Кроме того, существует множество свидетельств того, что пытки, поощряемые Диком Чейни и Дональдом Рамсфелдом, порождали террористов. Одним из примеров, подвергшихся тщательному изучению, стал Абдалла аль-Аджми, которого посадили в Гуантанамо по обвинению в «причастности к нескольким стычкам с Северным альянсом». В Афганистане он оказался после того, как не смог перебраться в Чечню, чтобы воевать с русскими. После четырех лет жестокого обращения в тюрьме его вернули в Кувейт. Впоследствии он уехал в Ирак и в марте 2008 года направил начиненный взрывчаткой грузовик на казарму иракских военных, в результате чего погибли тринадцать солдат и он сам. Это стало «единственным гнусным актом насилия, совершенным бывшим узником Гуантанамо», по утверждению
В точности как предположил бы здравомыслящий человек.
Исключительные американцы
Другим стандартным предлогом для пыток можно считать контекст «войны с террором», объявленной Бушем после терактов 11 сентября 2001 года. На фоне этого преступления традиционное международное право «устарело» и «вышло из употребления» – такой совет Джорджу Бушу-младшему дал его советник по юридическим вопросам Альберто Гонсалес, впоследствии назначенный генеральным прокурором. Эта доктрина широко цитировалась в той или иной форме в комментариях и аналитических записках[105].
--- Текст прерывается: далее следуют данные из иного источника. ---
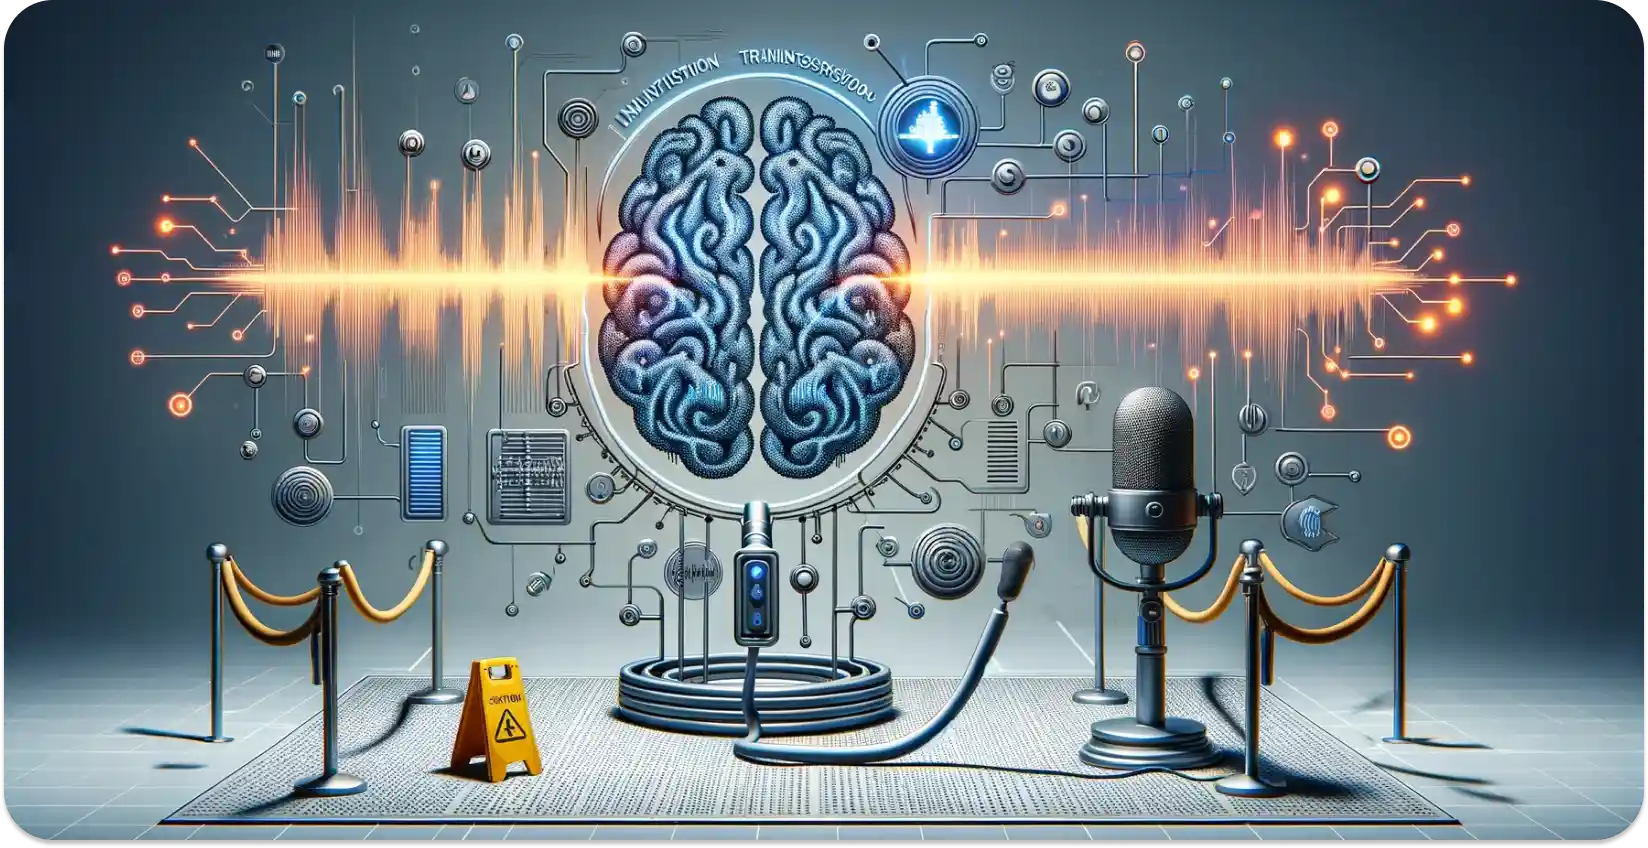 Arte conceitual de um cérebro AI processar ondas sonoras em dados, simbolizando a transcrição de áudio.
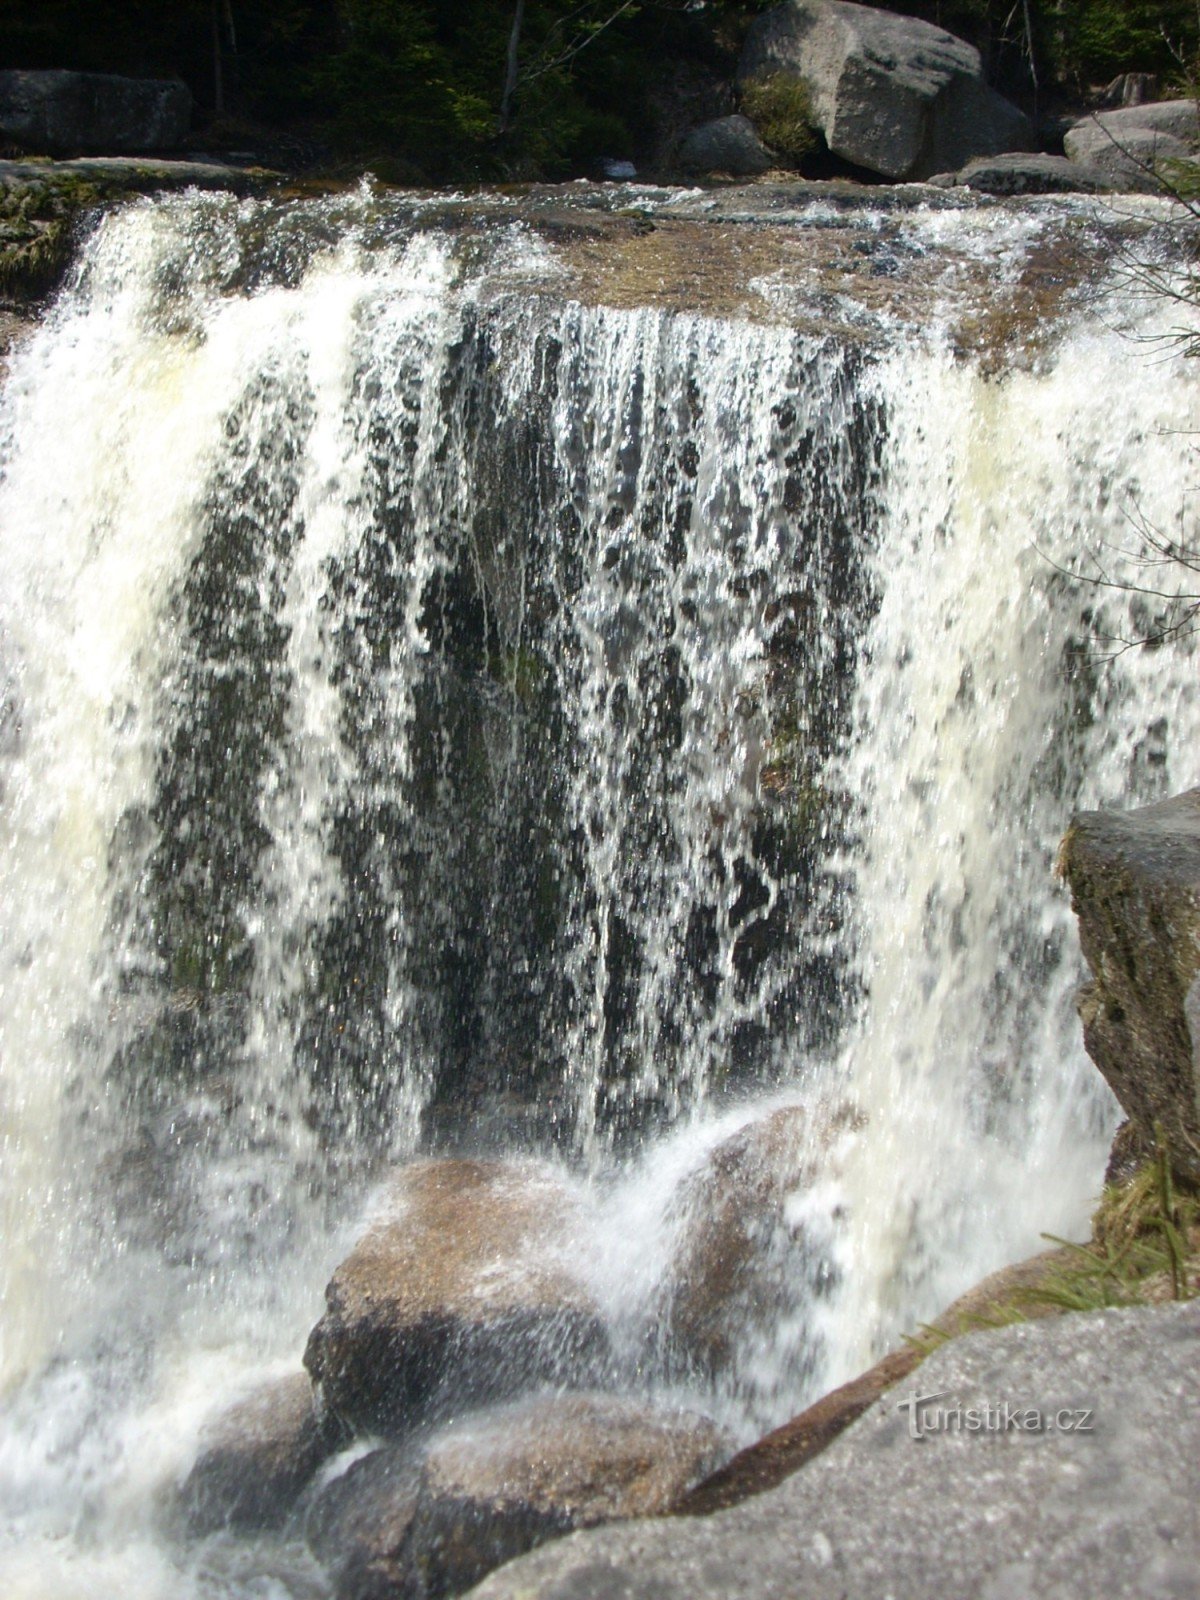 Největší a nejkrásnější vodopád Jizerských hor - Jedlové vodopády

Теракты 11 сентября, несомненно, во многих отношениях были уникальными. В том числе в плане того, куда было нацелено оружие: обычно его направляют в противоположную сторону. По сути, после того как британцы в 1814 году сожгли Вашингтон, округ Колумбия, это стал первый значимый теракт на территории Соединенных Штатов.
Правящую доктрину в нашей стране порой называют «американской исключительностью». Ничего подобного, она скорее ближе к стандартам имперских государств. Франция приветствовала свою «цивилизаторскую миссию» в колониях, в то время как министр обороны страны призывал к уничтожению «коренного населения Алжира». Британское благородство «для мира было новшеством», заявлял Джон Стюарт Милль, что совершенно не мешало ему призывать «ангельское государство» побыстрее заканчивать с освобождением Индии. Свое классическое эссе, посвященное гуманитарному вмешательству, Милль написал вскоре после того, как общественность узнала об ужасающих зверствах британцев во время подавления восстания в Индии в 1857 году. Завоевание остальной части Индии в значительной мере представляло собой усилия по установлению монополии в торговле опиумом в рамках глобальной инициативы британских дельцов наркотрафика, которая в первую очередь была призвана заставить Китай покупать товары британского производства[106].
Аналогичным образом нет никаких оснований сомневаться в искренности японских милитаристов образца 1930-х, усиленно создававших в Китае «рай земной» под добрым патронажем Японии; оставим за скобками нанкинскую резню и череду кампаний в сельских районах Северного Китая, проведенных под лозунгом «Жги всё, грабь всё, убивай всех». В истории подобных славных эпизодов хоть отбавляй[107].
Но если такого рода положения об «исключительности» успешно приживаются, то случающиеся время от времени откровения о «надругательстве над историей», единственная цель которых – сокрытие страшных преступлений, неожиданно могут привести к обратным результатам. Например, массовое убийство жителей Сонгми в Южном Вьетнаме можно считать ерундой по сравнению с куда более масштабными зверствами, совершенными в рамках «программы умиротворения» после Тетского наступления 1968 года (оно было предпринято коммунистическими силами Северного Вьетнама и оказалось провальным для них); об этих зверствах все напрочь забыли.
Уотергейт, несомненно, был преступлением, однако вызванный им гнев вытеснил несравненно более жестокие злодейства как в Америке, так и за ее пределами, включая организованное ФБР убийство чернокожего активиста Фреда Хэмптона и бомбардировки Камбоджи, и это только два из большого количества вопиющих примеров. Пытки отвратительны, но вторжение в Ирак стало преступлением намного хуже. В большинстве случаев эту функцию выполняют отдельные злодеяния.
Историческая амнезия – феномен опасный. Хотя бы потому, что она не только подрывает моральную и интеллектуальную целостность, но и закладывает фундамент для преступлений, предстоящих в будущем.